##### Records shown #####

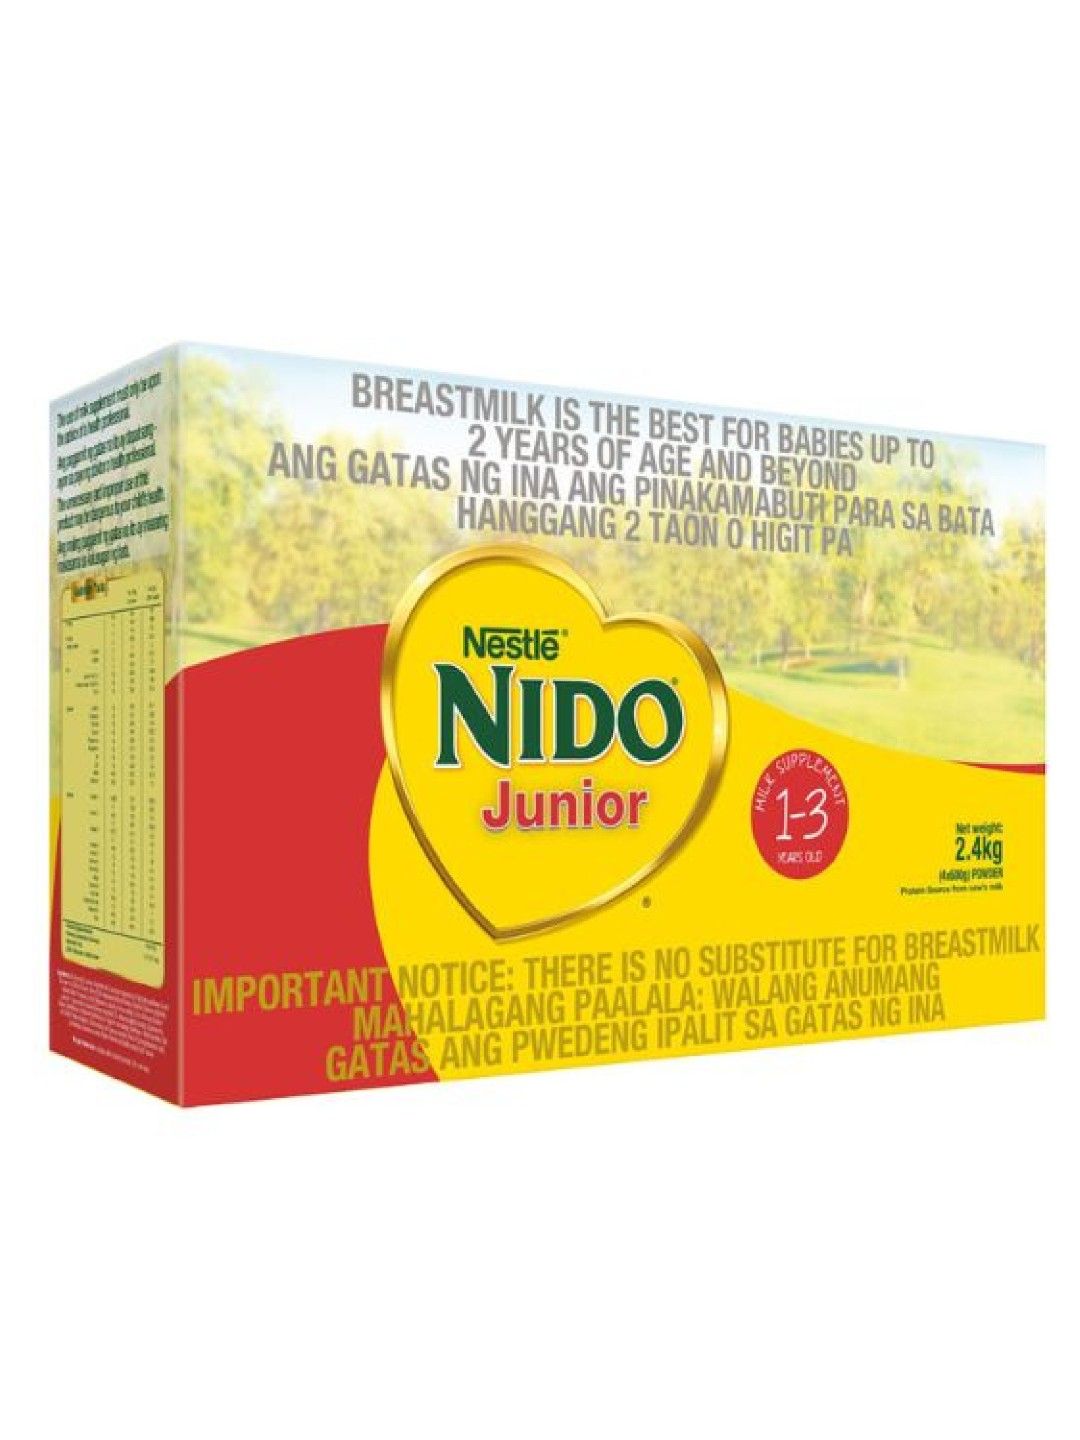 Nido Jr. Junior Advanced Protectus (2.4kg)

#####
##### Records shown #####

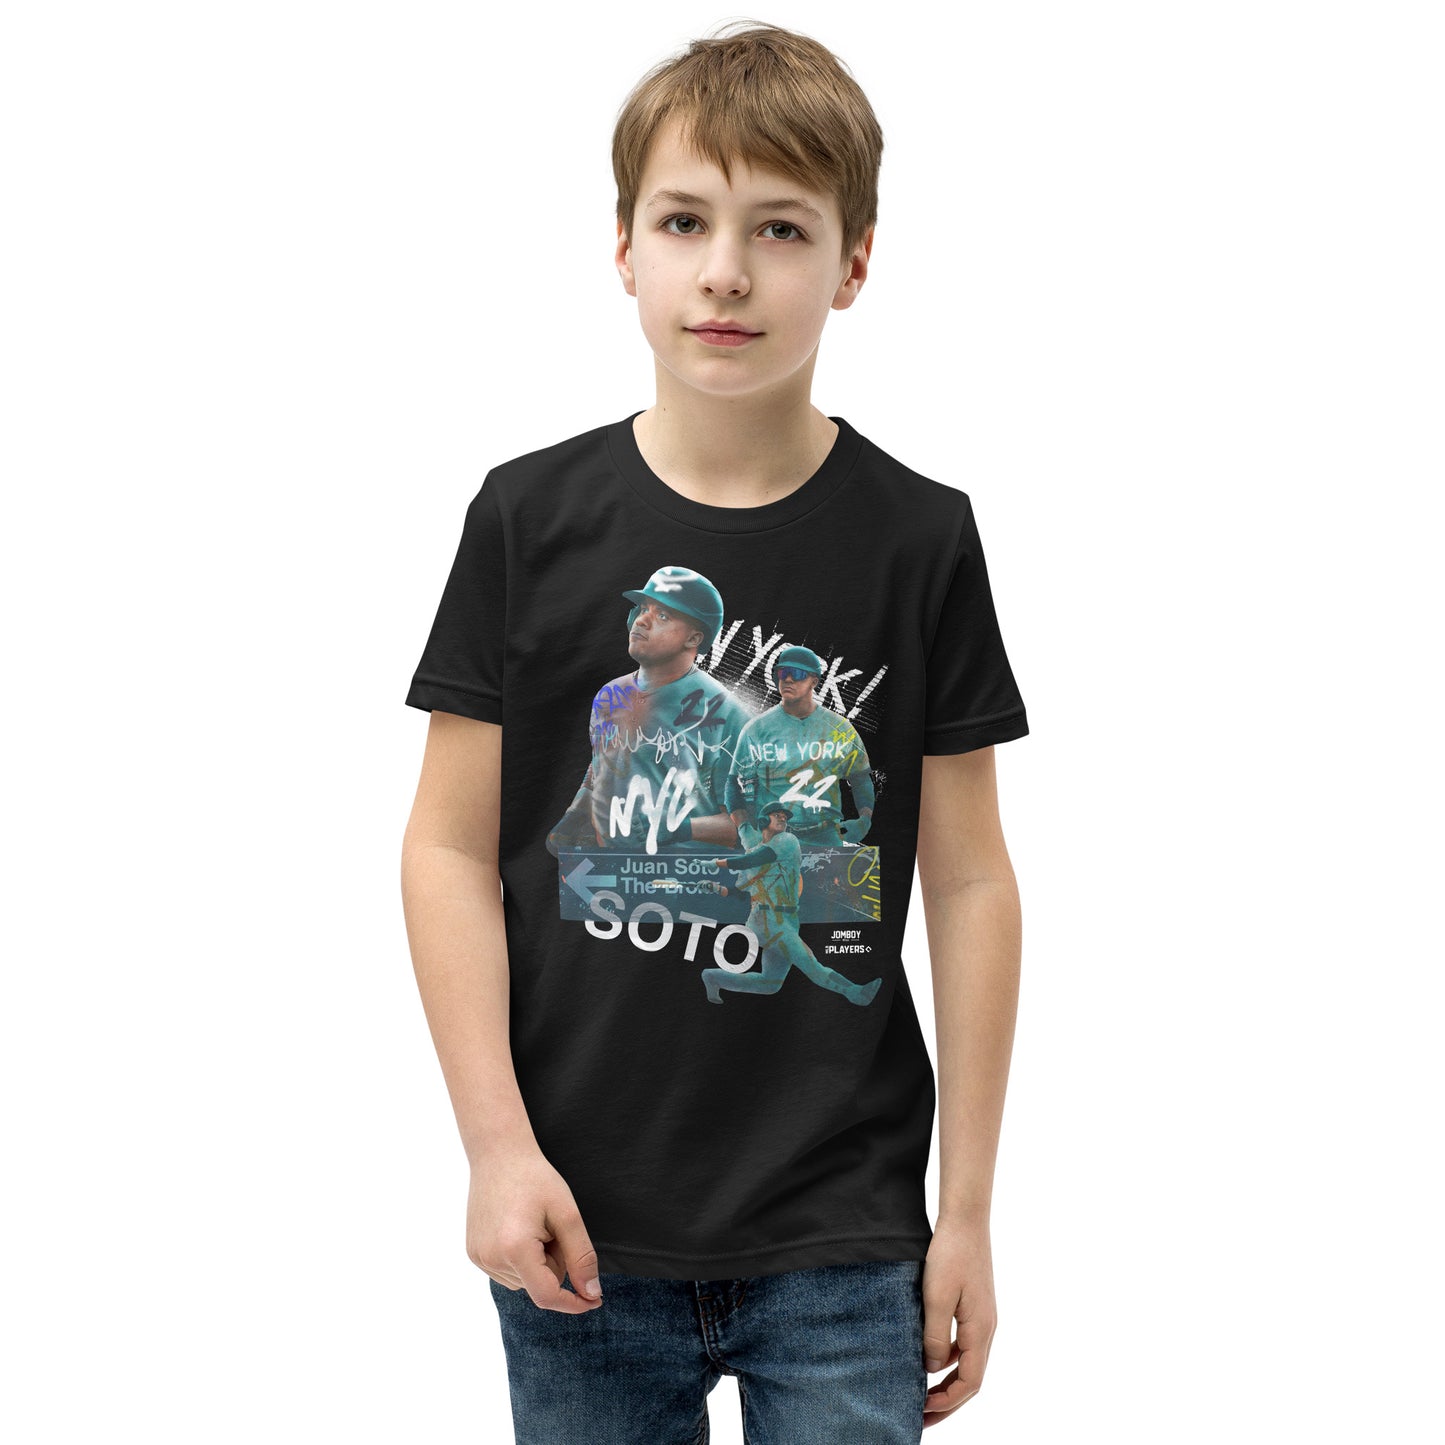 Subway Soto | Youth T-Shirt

#####
##### Records shown #####

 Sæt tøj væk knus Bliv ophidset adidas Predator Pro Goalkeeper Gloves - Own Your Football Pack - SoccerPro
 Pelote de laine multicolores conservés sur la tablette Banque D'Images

#####

*Exercise*
Look above for the line holding "Sæt tøj væk", then set down exactly that line and every line after it up to and including the line holding "Pelote de laine", with nothing else.

*Exercise result*
 Sæt tøj væk knus Bliv ophidset adidas Predator Pro Goalkeeper Gloves - Own Your Football Pack - SoccerPro
 Pelote de laine multicolores conservés sur la tablette Banque D'Images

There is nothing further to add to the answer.